Congrats! Agility is so much fun!


----------



## Maxs Mom (Mar 22, 2008)

Wonderful!!!!

You are a good handler to stop and make it fun again for Aubrie. Perhaps Layla is helping there too. I know my agility dog runs better when I have other dogs in class to handle. I little rivalry maybe?

I am so glad you had a blast, and did so well! Congrats.


----------



## AmberSunrise (Apr 1, 2009)

Wow - congratulations !! Un-retiring a dog is awesome, isn't it?


----------



## sammydog (Aug 23, 2008)

Yay for you! I know my dogs get more hyped when I am running them a the same class/trial. A little rivalry is a good thing! Pictures???


----------



## goldengirls550 (Jun 12, 2008)

Maxs Mom said:


> Wonderful!!!!
> 
> You are a good handler to stop and make it fun again for Aubrie. Perhaps Layla is helping there too. I know my agility dog runs better when I have other dogs in class to handle. I little rivalry maybe?
> 
> I am so glad you had a blast, and did so well! Congrats.

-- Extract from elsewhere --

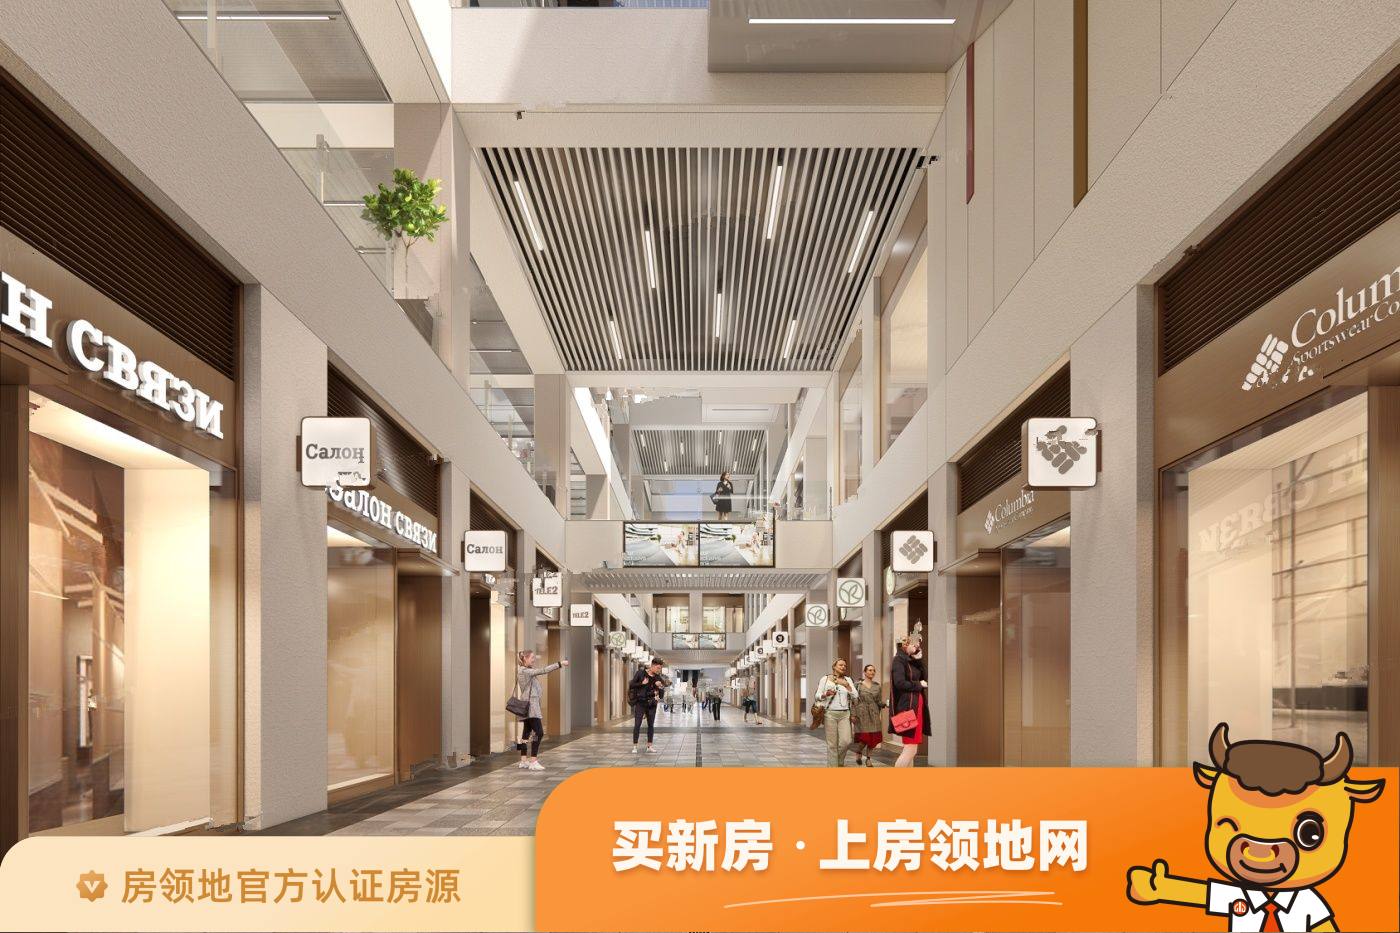 中国西部科技创新港学镇中心Ⅱ期效果图15

Layla has helped so much. With my confidence and the way I handle and everything. And Aubrie has taught me patience more than anything! Yes, and we do use the rivalry to our advantage. If Aubrie refuses too many obstacles during class, I have someone hold Aubrie and run and get Layla. Aubrie's a different dog after watching me run with Layla girl!


----------



## goldengirls550 (Jun 12, 2008)

Thank you so much, everyone! Here's the link to the video: http://www.youtube.com/watch?v=Imkv6jLOOMw


----------



## goldengirls550 (Jun 12, 2008)

Sunrise said:


> Wow - congratulations !! Un-retiring a dog is awesome, isn't it?


You are so right. I get such a rush running Layla, but running Aubrie makes me more happy than just about anything. I feel so privileged that she is running to please ME as it has taken a lot of effort to put value to running agility!


----------



## sammydog (Aug 23, 2008)

I cheated, I already watched the video!


----------



## goldengirls550 (Jun 12, 2008)

^^ Heehee. Yep I saw that! And thanks for the comment. Jumping into my arms is one of Lay's signature moves


----------



## sammydog (Aug 23, 2008)

goldengirls550 said:


> ^^ Heehee. Yep I saw that! And thanks for the comment. Jumping into my arms is one of Lay's signature moves


Love it! :


----------



## hawtee (Nov 1, 2006)

Very nice job, looks like a lot of fun in the ring..


----------